_DATASET EXCERPT_:
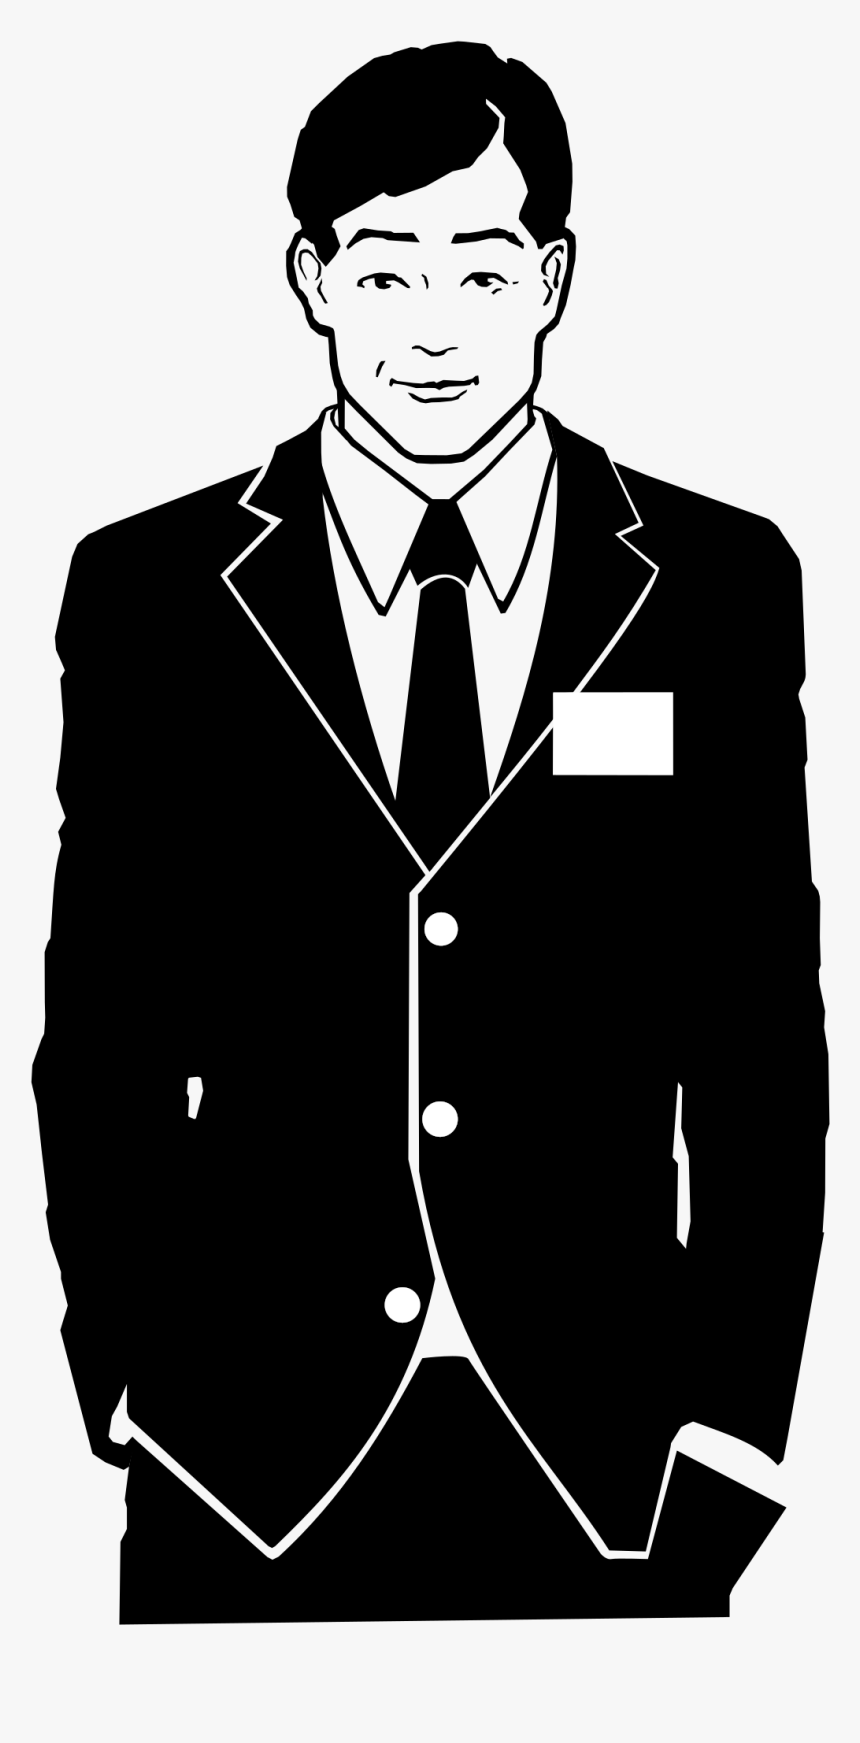 Lds Missionary Big Image - Lds Missionary Png, Transparent Png, Free Download
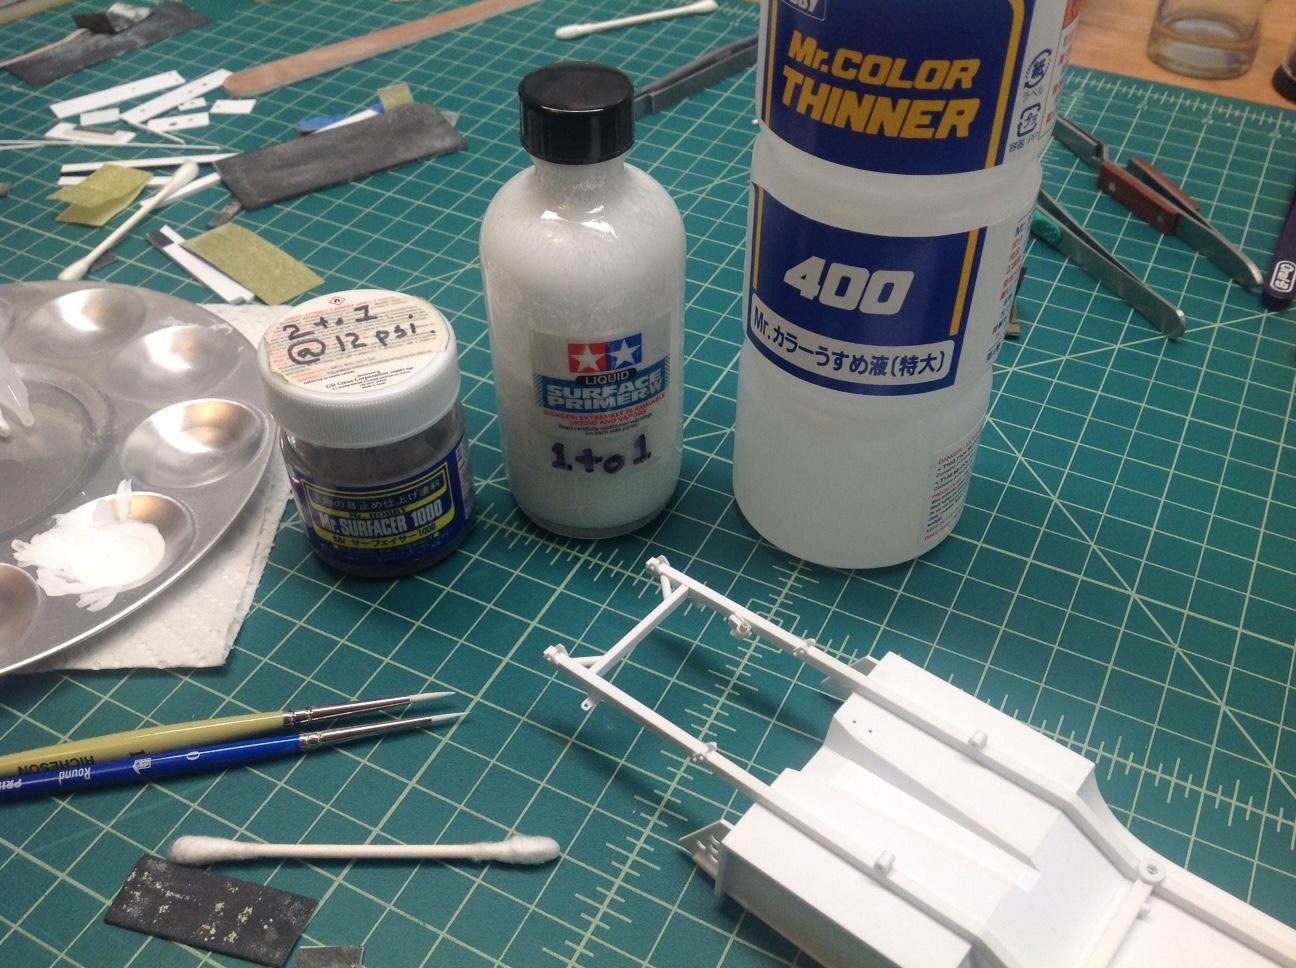 Do I need to thin down this primer for my airbrush and if so can I use this  thinner? : r/modelmakers
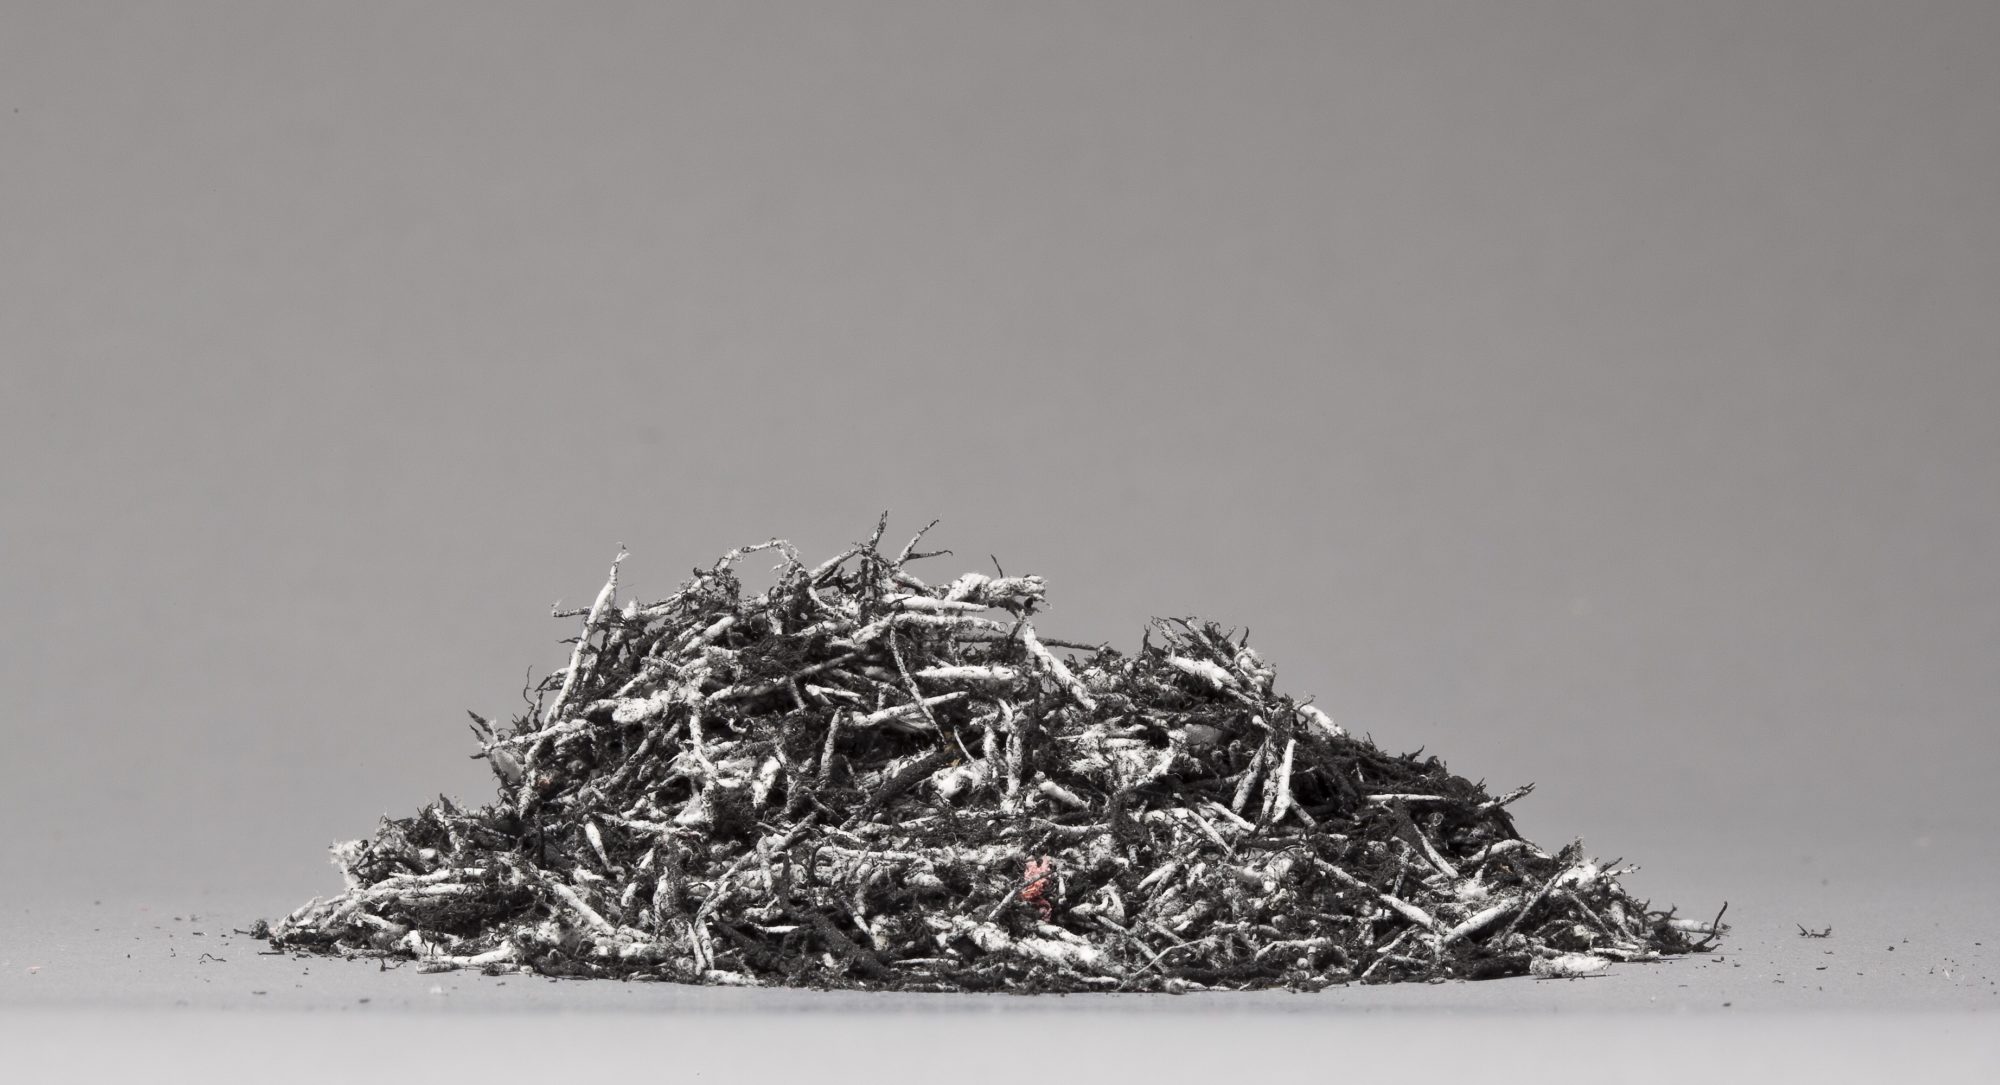 A pile of used eraser shavings on a matte gray surface, just off center from the middle of the stack there is a single pink eraser

_WHAT THE TASK REQUIRES_:
No pictures go in the copy. Set down all the data exactly.

_RESPONSE BELOW_:
 Lds Missionary Big Image - Lds Missionary Png, Transparent Png, Free Download
 Do I need to thin down this primer for my airbrush and if so can I use this  thinner? : r/modelmakers
 A pile of used eraser shavings on a matte gray surface, just off center from the middle of the stack there is a single pink eraser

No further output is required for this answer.